Richard Hill Jr. (Composer/Voice/Bass) - alongside band members Jim Holton (Cello, Keyboard), Gusten Rudolph (Drums), Elliot Bild (Trumpet) Nasir Dickerson (Saxophone, EWI), Kwame Geez (Saxophone), Mollie Ducoste (Violin), Owen Valentine (Violin), Zoe Lynch (Violin), Lovett Hines (Educator), Sumi Tonooka (Piano ), and Cheryl Hill-Herder (Spoken word artist) - is creating a futuristic look of Philadelphia's neighborhoods. Bookended by music that the audience helps compose, Hill and his band are transporting audiences to 2050 to experience what Philadelphia's North, South, West, Northeast, and Center City neighborhoods will sound like through musical dance rhythms. .

"As Charlie Parker said, 'Now is the Time'. [My project is] the dance of diversity. This suite will use rhythms of various micro communities in Philadelphia," said Richard Hill Jr. "I want this piece to encourage children and adults to take a moment and embrace the diversity that Philadelphia offers." Talking about risk: "I like to use meters that are not common. As an artist and composer, it is my duty to push the envelope."

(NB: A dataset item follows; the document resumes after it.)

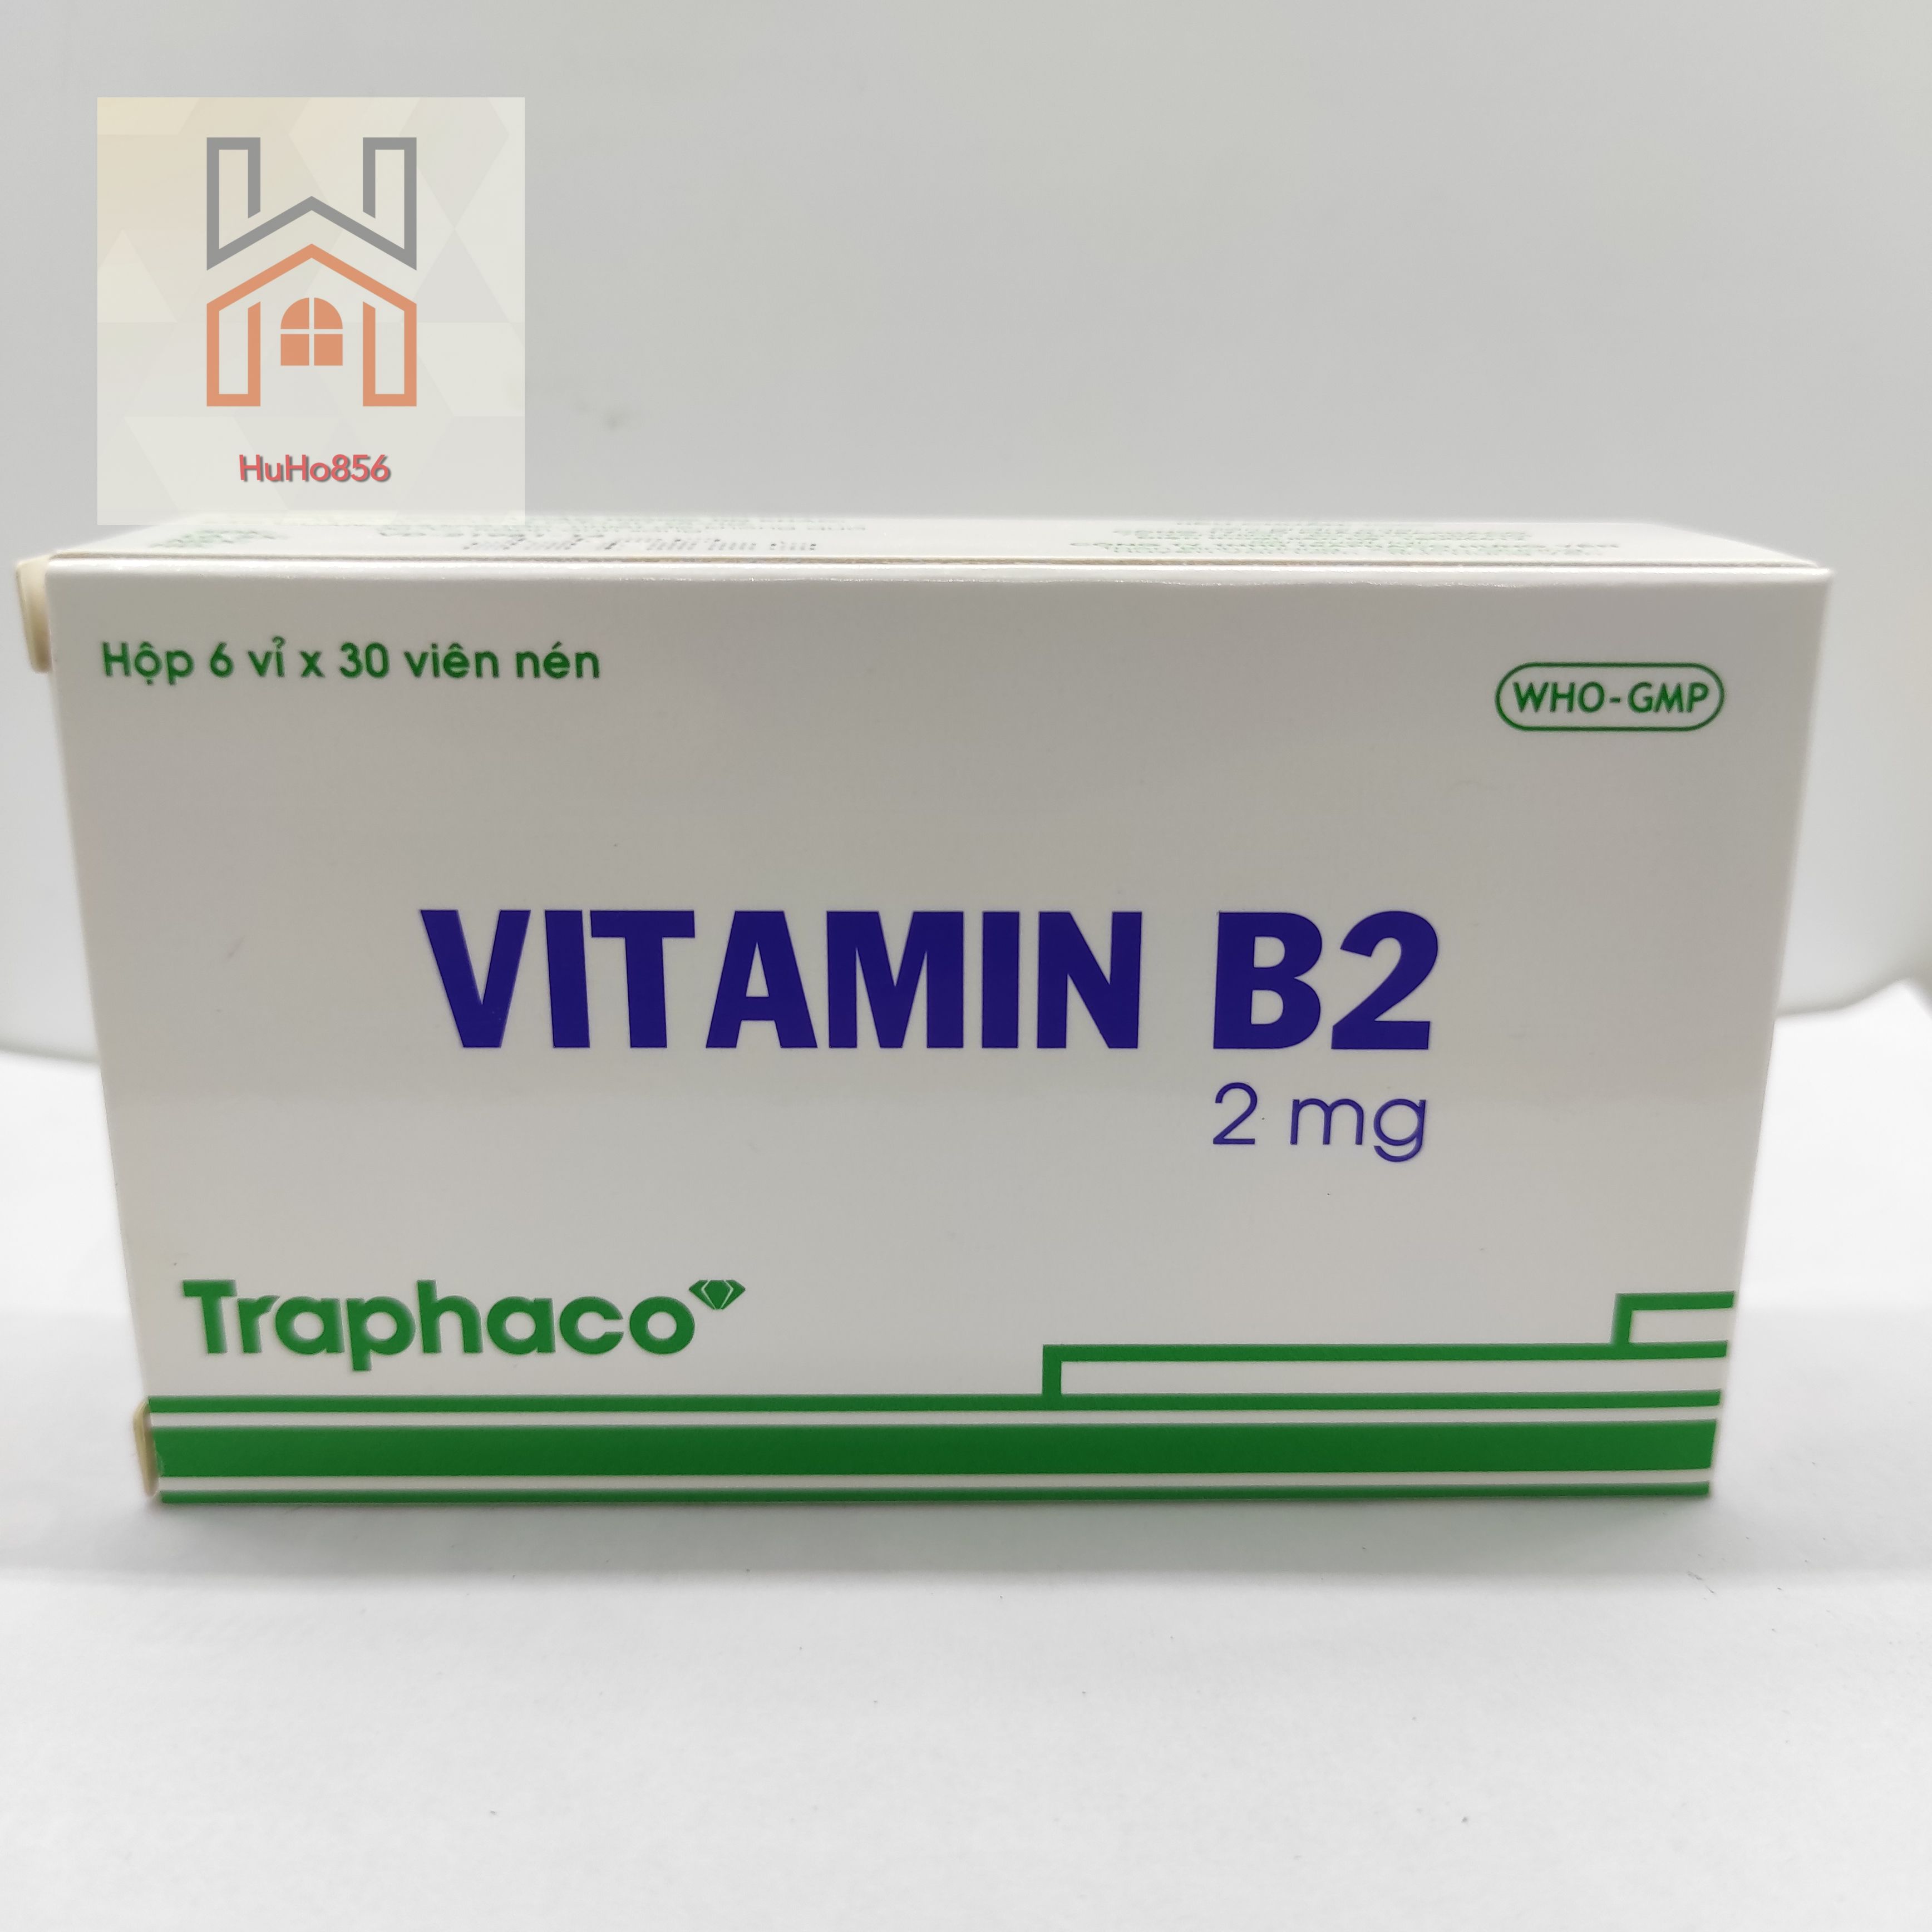 Vitamin B2 2mg Traphaco - Hộp 6 vỉ x 30 viên

The 2019-20 Jazz Residency musicians were selected by a six-person panel made up of some of this country's most prominent jazz minds - including Dr. Aaron Flagg, Chair & Associate Director of Juilliard Jazz in New York City; Lonnie Davis, President & CEO of Jazz Arts Initiative in Charlotte, North Carolina; Georgina Javor, Assistant Director for Programming, Concerts, and Touring, Jazz at Lincoln Center in New York City; Ellen Rower, Arthur F. Thurnau and Undergraduate Jazz Coordinator at University of Michigan in Ann Arbor; Eric Gould, Professor of Piano at Berklee College of Music in Boston, Massachusetts; and Jay Wahl, Producing Artistic Director for the Kimmel Center for the Performing Arts.

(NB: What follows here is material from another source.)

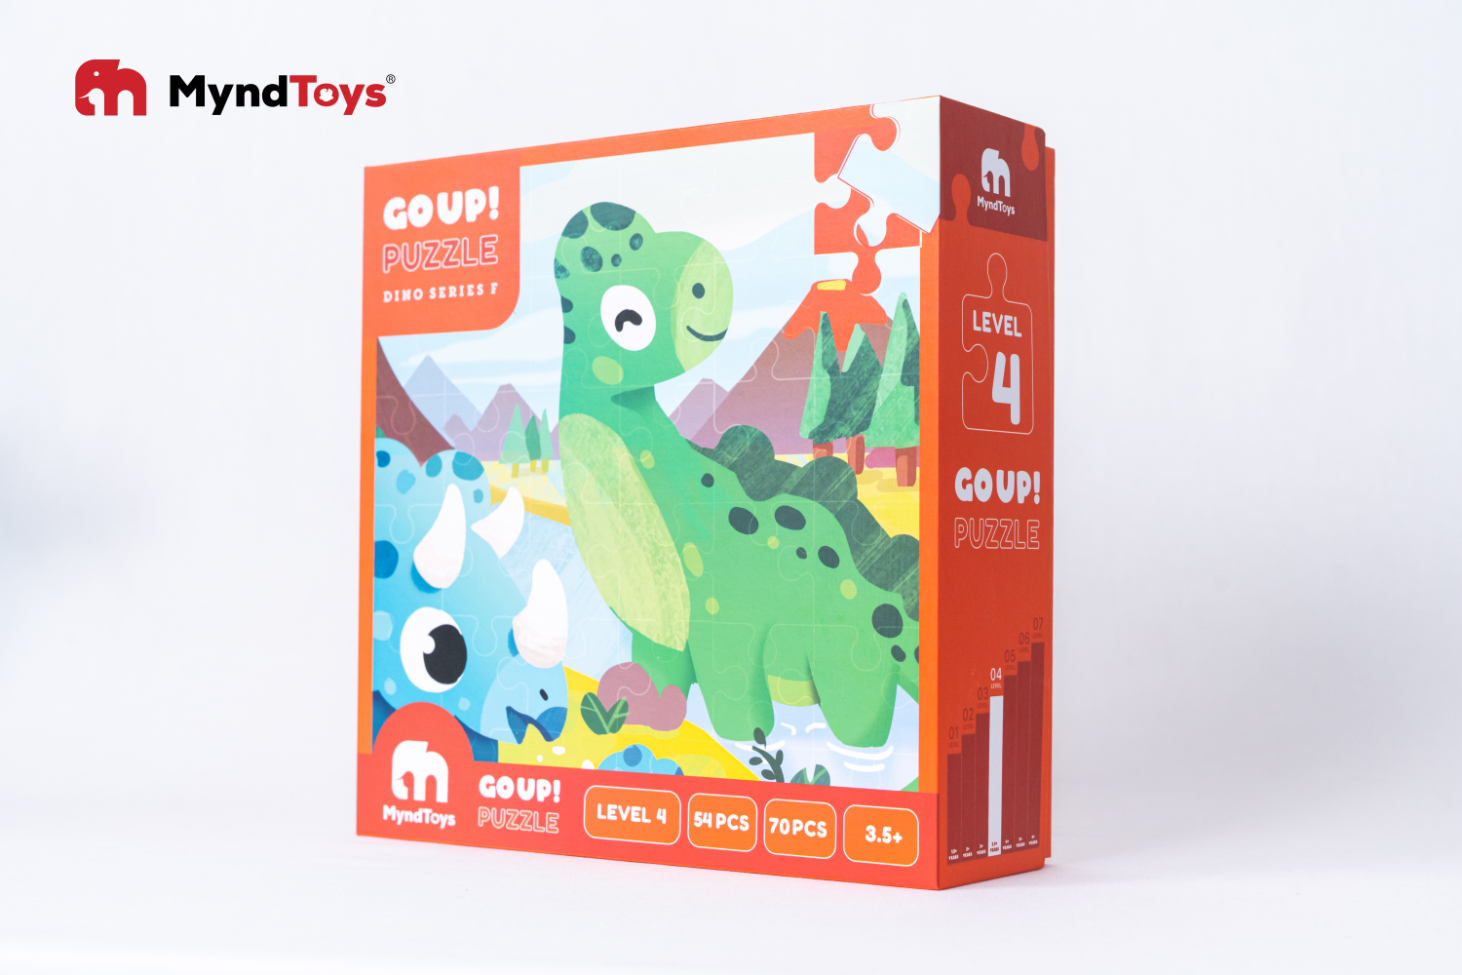 Đồ chơi xếp hình MyndToys - Go up Puzzle Level 4 - Dino Series F

Some highlighted successes of former Kimmel Center Jazz Residents include: a debut album entitled The Fisherman from 2016-17 resident Max Swan; brought to life in WXPN studios as part of WXPN's Key Studio Sessions, Swan worked with his live band/Residency team including guitarists Simon Martinez and Josh Nussbaum, bassist Nick Perri, drummer Lenny Mobley, keyboardist Matt Keppler, and the trombone line of Sam Gellerstein, Nick Lombardelli, and Chris Mele. The Kimmel Center presented Max Swan Presents: MONO//POLY, featuring Suzanne Sheer in the SEI Innovation Studio on December 14, 2018. Following a world tour last year with John Legend, 2015-16 Jazz Resident Korey Riker released his third album in February 2018, a collection of live material titled PTSD Volume 1, which he recorded with his Kimmel Center Residency team. 2016-17 Resident Jawanza Kobie's Bird Stories went on to be presented by the Annenberg Center for the Performing Arts in May 2017 and The Mann Center in August 2017. 2017-18 Resident Luke Carlos O'Reilly worked on and performed in the Hill-Freedman World Academy benefit concert with a live band in November 2018. The Music Department at Hill-Freedman World Academy had a benefit concert featuring live performances of the songs from What's Going On, the second offering from the school's Hill-Freedman Records label. The money raised from the benefit helped with promoting the current album, as well as fund the next album recorded by students. Since then, O'Reilly has participated in additional Kimmel Center Cultural Campus FREE events, including the monthly Sittin' In: Live Sessions and PNC Grow Up Great, and the recent Traveling Outside the Wire, an afternoon of poetry and performance in partnership with Warrior Writers, in honor of Veterans Day 2019. 2016-17 Resident Joanna Pascale performed the world premiere of her new choral work based on her critically-acclaimed show The Language of Flowers, with unique collaborations between Pascale and the youth of the Sister Cities Girlchoir, at World Café Live in December 2018. This empowering, woman-centered jazz/choral extravaganza draws on material developed during her Jazz Residency with the Kimmel Center. Pascale will return to the Kimmel Center Cultural Campus with The Language of Flowers (April 25, 2020, SEI Innovation Studio), as part of the Jazz @ the Kimmel series.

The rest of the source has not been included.